L’idotée, une véritable abeille des mers
Radio-Canada
La pollinisation est-elle née sur terre avec les abeilles ou des millions d'années plus tôt au fond des océans? La découverte du rôle de l'idotée, un crustacé marin, dans la fécondation des algues rouges chamboule la connaissance des interactions entre animaux et végétaux.
Ça faisait 25 ans qu'on se posait la question, relève en souriant Christophe Destombe, professeur à Sorbonne Université, attablé dans la bibliothèque de la station biologique de Roscoff, en Bretagne, une région du nord-ouest de la France.
Jusqu'à présent, la plupart des scientifiques excluaient l'intervention des animaux dans la fécondation des algues. Il y avait le dogme qu'en milieu marin, la plupart des fécondations se faisaient par mouvement d'eau, explique Myriam Valero, généticienne des populations et directrice de recherche au CNRS, l'organisme public français de la recherche scientifique.
Mais les gamètes mâles des algues rouges ont une particularité inhabituelle : ils n'ont pas de flagelle, contrairement aux spermatozoïdes. Ils ne peuvent donc pas se déplacer dans l'eau pour rejoindre les gamètes femelles qui, eux, sont immobiles.
Or, on s'est aperçu qu'avec les algues rouges, il y avait toujours un petit crustacé, qui s'appelle une idotée. On s'est dit que la présence de ces idotées jouait peut-être un rôle dans la reproduction, raconte M. Destombe.
Quand les deux chercheurs créent un laboratoire de génétique et de biologie évolutive des algues à Roscoff, au début des années 2000, une des idées au départ, c'est de tester cette hypothèse, explique Mme Valero.

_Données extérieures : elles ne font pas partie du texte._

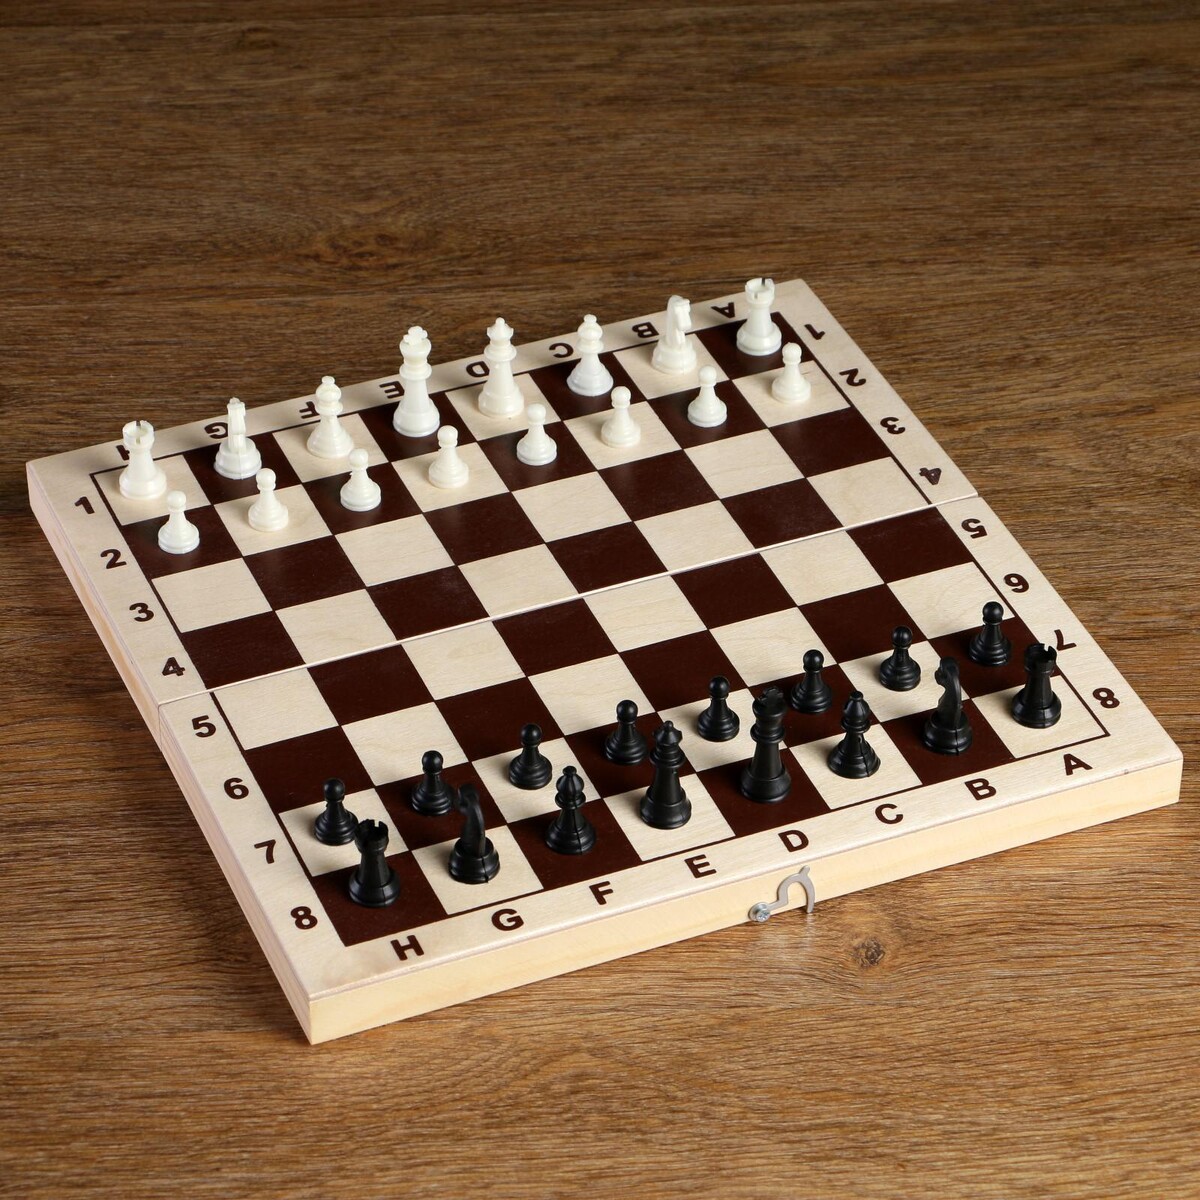 Шахматные фигуры, пластик, король h-4.2 см, пешка h-2 см александр l карагеоргиевич православный король югославии

Travailler avec du matériel vivant, mal connu et dont les organes reproducteurs sont cachés relève cependant du parcours du combattant.
Lors de la première expérience, toutes les algues meurent. Trois expériences sur des algues rouges au Chili échouent à nouveau. C'était horrible, quelle frustration!, se souvient Marie-Laure Guillemin, professeure à l'Université australe du Chili, spécialiste de l'évolution des algues.
Fin 2019, une doctorante, Emma Lavaut, peut enfin se consacrer à 100 % à cette question et affiner le protocole expérimental : des algues rouges mâles et femelles, espacées de 15 centimètres, sont placées dans des aquariums, certaines avec des idotées, d'autres sans.